• [Exercise prompt]
Start at the line with "Amazing Spider-Man #89 cover" in the records below, stop at the line with "MICROSENS - 10-Port", and return every line in that span exactly, the two end lines included.

○ ○ ○ ○ ○

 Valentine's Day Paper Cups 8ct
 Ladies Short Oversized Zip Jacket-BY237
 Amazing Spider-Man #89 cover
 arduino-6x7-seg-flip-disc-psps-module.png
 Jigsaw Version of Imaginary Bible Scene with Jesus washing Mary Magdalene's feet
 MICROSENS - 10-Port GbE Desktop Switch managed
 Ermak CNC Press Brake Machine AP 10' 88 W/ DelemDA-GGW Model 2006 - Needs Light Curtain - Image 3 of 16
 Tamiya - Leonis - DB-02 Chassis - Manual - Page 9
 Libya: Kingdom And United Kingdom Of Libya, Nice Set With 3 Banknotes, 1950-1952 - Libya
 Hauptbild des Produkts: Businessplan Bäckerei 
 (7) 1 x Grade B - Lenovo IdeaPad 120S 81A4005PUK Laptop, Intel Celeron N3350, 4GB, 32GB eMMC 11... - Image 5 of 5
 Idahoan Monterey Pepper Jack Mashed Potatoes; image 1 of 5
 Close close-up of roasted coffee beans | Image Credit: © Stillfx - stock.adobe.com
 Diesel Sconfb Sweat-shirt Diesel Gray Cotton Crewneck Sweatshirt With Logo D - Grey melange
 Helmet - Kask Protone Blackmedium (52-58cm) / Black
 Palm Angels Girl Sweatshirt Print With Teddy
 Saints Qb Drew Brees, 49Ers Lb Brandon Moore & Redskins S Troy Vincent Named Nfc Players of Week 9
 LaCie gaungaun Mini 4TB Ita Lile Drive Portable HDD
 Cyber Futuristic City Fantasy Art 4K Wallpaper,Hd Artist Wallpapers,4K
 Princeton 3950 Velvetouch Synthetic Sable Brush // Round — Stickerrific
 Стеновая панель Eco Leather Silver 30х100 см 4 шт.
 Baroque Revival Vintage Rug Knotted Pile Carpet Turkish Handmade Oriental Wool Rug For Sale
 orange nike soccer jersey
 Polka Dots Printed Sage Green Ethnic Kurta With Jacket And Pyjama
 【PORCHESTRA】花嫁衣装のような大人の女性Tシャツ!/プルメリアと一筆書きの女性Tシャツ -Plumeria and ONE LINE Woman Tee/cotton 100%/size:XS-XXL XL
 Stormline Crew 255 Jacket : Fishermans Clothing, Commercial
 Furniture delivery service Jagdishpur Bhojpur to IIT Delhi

○ ○ ○ ○ ○

• [Task output]
 Amazing Spider-Man #89 cover
 arduino-6x7-seg-flip-disc-psps-module.png
 Jigsaw Version of Imaginary Bible Scene with Jesus washing Mary Magdalene's feet
 MICROSENS - 10-Port GbE Desktop Switch managed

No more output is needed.